Если Нага пребывал в беспокойстве, то Ган Жуну наблюдение за степняком и описание его состояния доставляло настоящее удовольствие. Он посещал Мунку чуть ли не каждую свободную минуту, с удовлетворением отмечал все произошедшие с ним изменения, неизменно продолжая бормотать себе под нос рассуждения и даже ведя споры с самим собой.

Ган Жун ежедневно приказывал Наге обмывать тело юноши, чтобы оно оставалось чистым, а сам разминал руки и ноги Мунку. Через несколько дней пребывания в доме врачеватель побрил степняку голову, чтобы лучше прощупать её и убедиться, касаются ли её какие-то изменения.

Лекарь сдержал своё слово и брал с Наги весьма умеренную плату за уход, обеспечивая при этом и его самого, и Мунку крышей над головой и разделяя с ними стол. Часто по вечерам Ган Жун доставал кувшин вина и приглашал Нагу разделить его с ним. Тогда двое мужчин сидели на веранде дома, молча пили, курили трубки и смотрели в звёздное небо. Они не зажигали огня, чтобы никакой другой приземлённый свет не затмевал чистого сияния небесных светил.

Наге начинало нравится такое житьё-бытьё. Он справлялся со своими обязанностями и не находил их обременительными. Вечерние посиделки с вином настраивали его на философский лад. Глядя на звёзды, он всякий раз вспоминал чудесную пещеру, стены и потолок которой представляли собой остов дракона, где кости светились таким же холодным, успокаивающим светом. Как много он успел пройти за это время, с какими только людьми не сводила его судьба! Где он найдёт своё успокоение? Что он будет делать дальше с принцем?

В один из таких вечеров Ган Жун нарушил молчание. Такое случалось очень редко, двум мужчинам было не о чем говорить, если дело не касалось приёма больных и раненых, поэтому Нага был удивлён.

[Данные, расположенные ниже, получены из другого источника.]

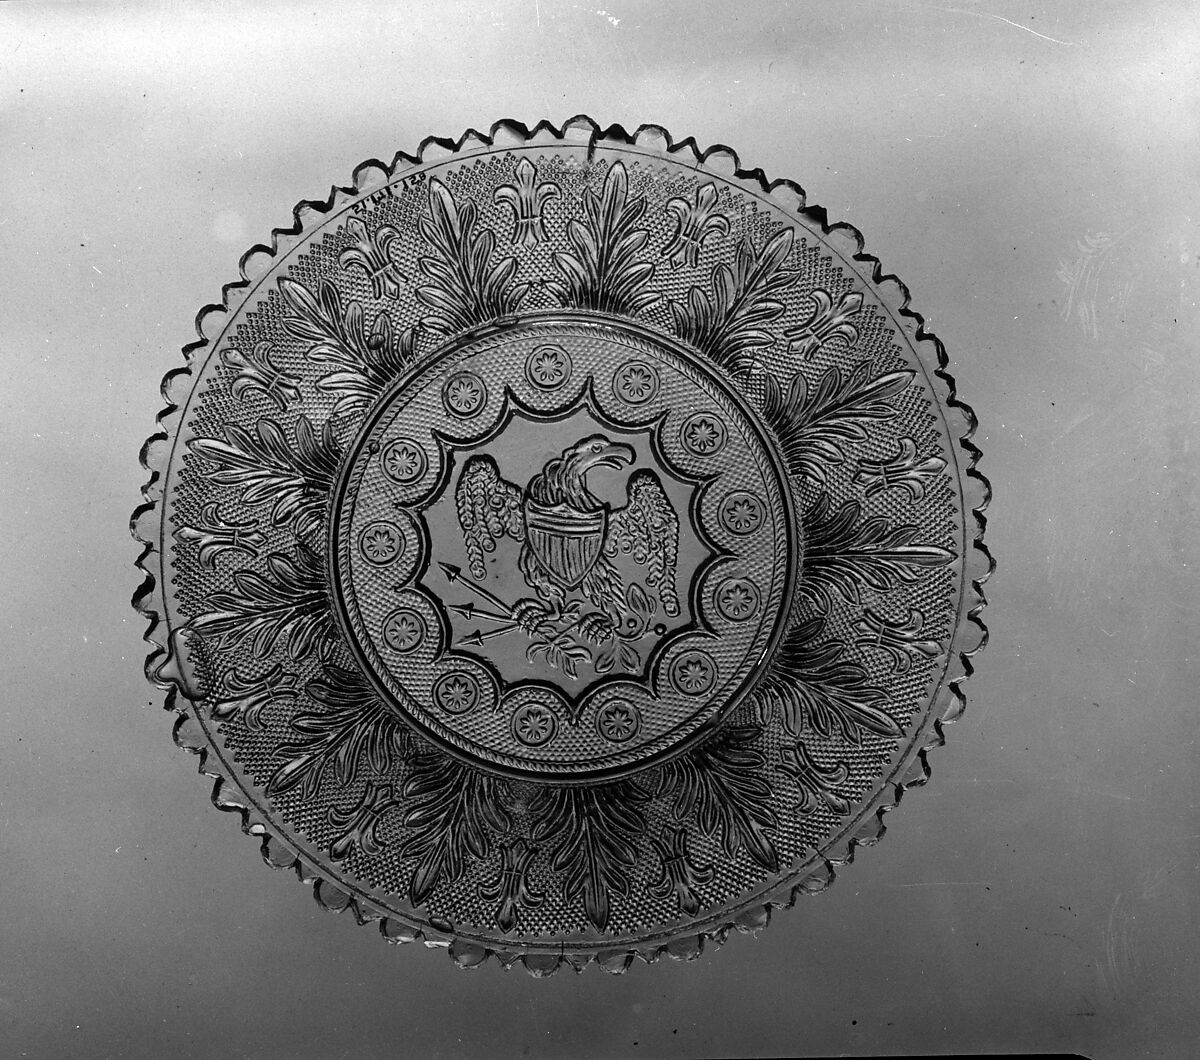 Plate, Lacy pressed glass, American

– Я заметил, – сказал лекарь, – что мышцы у парня стали крепче, а сам он как будто тяжелее. Каждый день, когда я разминаю его, мне всё труднее переворачивать его и управляться с его ногами-руками. Это странно, но очень занимательно.

– Ты уже разобрался, чем он болен? – спросил Нага. Мужчины уже давно перешли на «ты».

– Определённо могу сказать, что это не падучая. Нервное расстройство, вероятно. Но удивительно то, что юноша лежит и почти ничего не ест, а тело его наливается силой. Всё должно быть совершенно наоборот. Он должен бы худеть, хиреть и умирать. Если же не знать, что парень не приходит в себя уже не одну неделю, то можно подумать, что перед нами молодой человек в самом расцвете сил, который просто спит.

– Мне тоже так кажется, когда я обмываю его. Это и вправду очень необычно. Но он и сам парень необычный.

– Что ты хочешь сказать? В чём его необычность? – оживился Ган Жун.

Нага понял, что сболтнул лишнего. Это вино и покойная жизнь развязали ему язык. Придётся выкручиваться.

– Он из благородной семьи, – отвечал наёмник. В темноте легко врать или недоговаривать. – А я слышал, среди аристократов нередки болезни нервов и рассудка.

– Да, ты прав. Есть такие семьи, которые, чтобы сберечь чистоту рода, разрешают детям вступать в брак меж собой. Но вместо чистоты они получают лишь дурачков или полоумных. Шима из такой семьи?

– Нет, насколько я знаю. Я служил у них. Могу сказать, что его дед и брат деда любят насилие, иногда с радостью предаются ему. Знаешь, насилие ради самого насилия, особенно дед. Оба те ещё говнюки, хотя глупыми их не назвать. Скорее наоборот, они умные и рассудительные люди, от которых лучше держаться подальше.

Ган Жун ничего не сказал в ответ. Только через минуту он промолвил, вновь как бы рассуждая:

– Такое тоже бывает, что страдают дети или внуки в благородных семьях. Поколение идёт за поколением, с виду всё хорошо. Небольшие отклонения, склонности и зависимости, но ничего слишком необычного. А в какой-то момент вся та дрянь, которая копилась в отцах и дедах, матерях и бабках, воплощается в их отпрысках.

Лекарь умолк. Нага тоже. Больше они не перемолвились ни одним словом в этот вечер, предаваясь каждый своим думам.

На другой день Нандун, и без того кипевший, пришёл в ещё большее движение. По улицам потянулись вереницы вооружённых людей, всадников и пехотинцев. Все они шли под чёрными знамёнами с белой звездой посередине – эмблеме, которую избрал Дондо. «Путеводная звезда, ведущая в новый мир»,– так называли повстанцы свой знак.

Все эти войска устремлялись на восток, начиная поход против власти императоров в Красном городе. Война разгоралась, перекидываясь из западных областей на всю страну.